Using 1. is generally preferred over 2., since in a number of ways (especially mutation) the results will more faithfully recreate a realistic BCR repertoire. Meanwhile 3. is required if you want to manipulate the details of the GC selection process (rather than parameters related to the results of the GC reaction, like number of leaves or tree depth). Note that with the options we need the tree simulation packages used for 1. and 2. (TreeSim/TreeSimGM) can only output ultrametric trees, so if you need to recapitulate shm distributions of sequences within families you should either use bcr-phylo or pass in your own trees (the shm distribution of all sequences in all families is fine either way, though). If you did not specify a parameter directory during inference, the parameters will still have been written to disk in a location printed to stdout (for instance, at the moment if the input file path was /path/to/sample.fa the parameters would have been written to _output/_path_to_sample/). You could thus for instance simulate based on this parameter dir with:

partis simulate --parameter-dir _output/_path_to_sample --outfname simu.yaml --n-sim-events 3 --debug 1 # pipe to "| less -RS" to view in terminal

where --debug 1 prints to stdout what the rearrangement events look like as they're being made. The resulting output file follows regular output format, with an additional column reco_id to identify clonal families (it's a hash of the rearrangement parameters). When subsequently running inference on this simulation, you typically want to pass the --is-simu option. During parameter caching, this will write a separate parameter directory with the true parameters (in a addition to sw/ and hmm/). During annotation and partitioning, with --debug 1 it will also print the true rearrangements and partitions along with the inferred ones.

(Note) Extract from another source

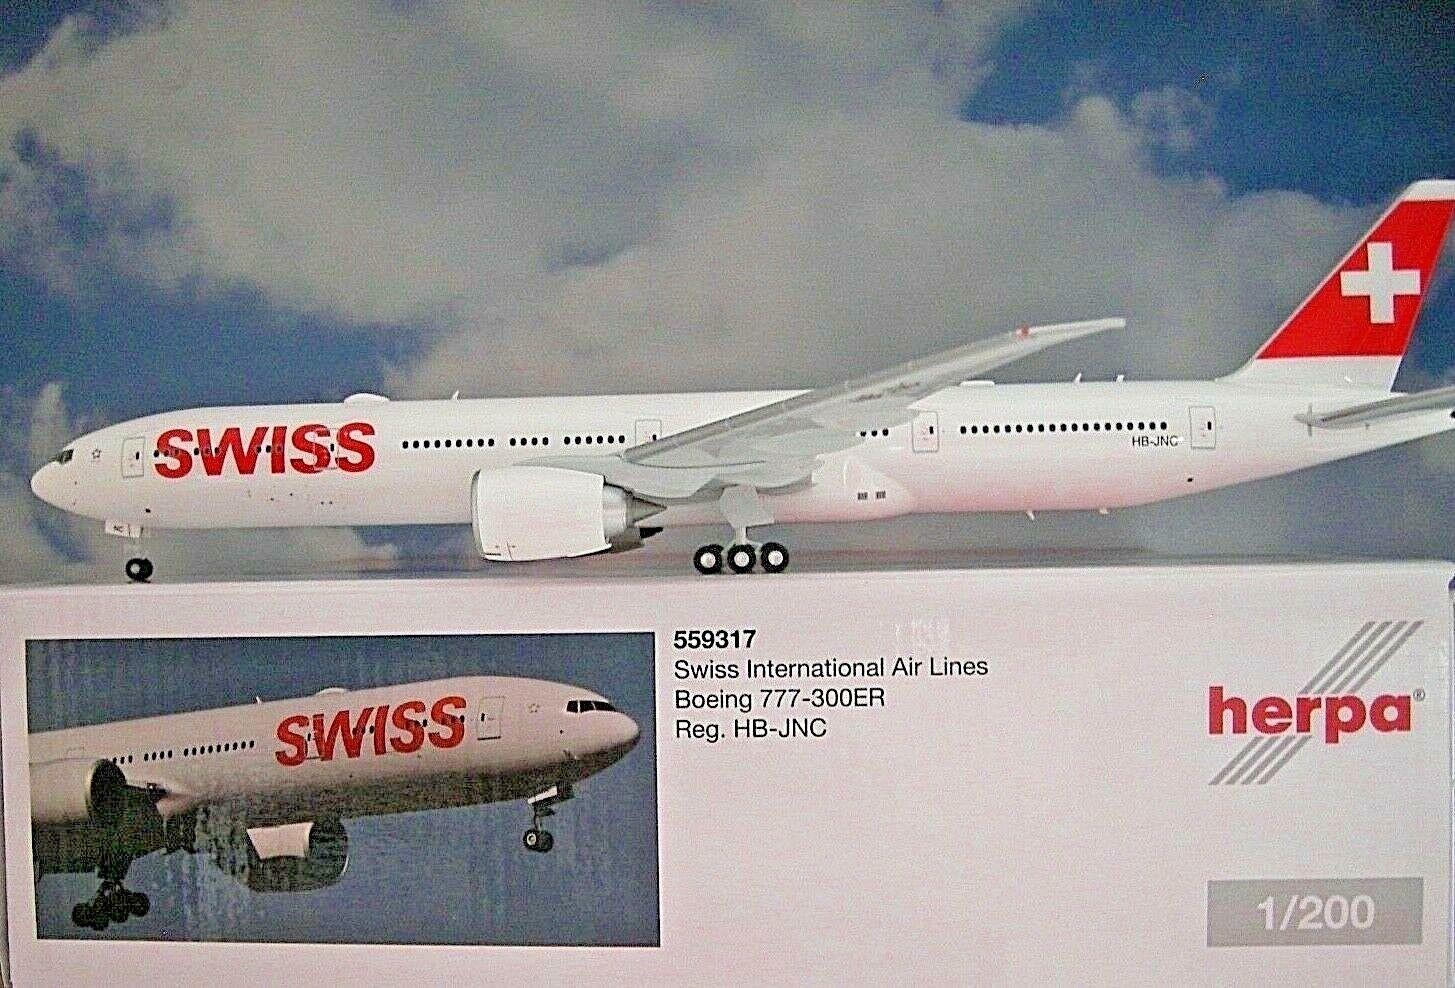 Herpa Herpa Herpa Wings 1 200 boeing 777-300er Swiss International Air Lines HB-JNC 559317 b2944d

Using bcr-phylo for mutation as in 3. is handled by running bin/bcr-phylo-run.py. This should work with no arguments, but in order to change the script's many options run with --help, and also look at the corresponding options in packages/bcr-phylo-benchmark/bin/simulator.py. Note that by default bcr-phylo-run.py turns off context-dependent mutation in bcr-phylo, since this is much faster, but if you want it to mutate with the S5F model you can set --context-depend.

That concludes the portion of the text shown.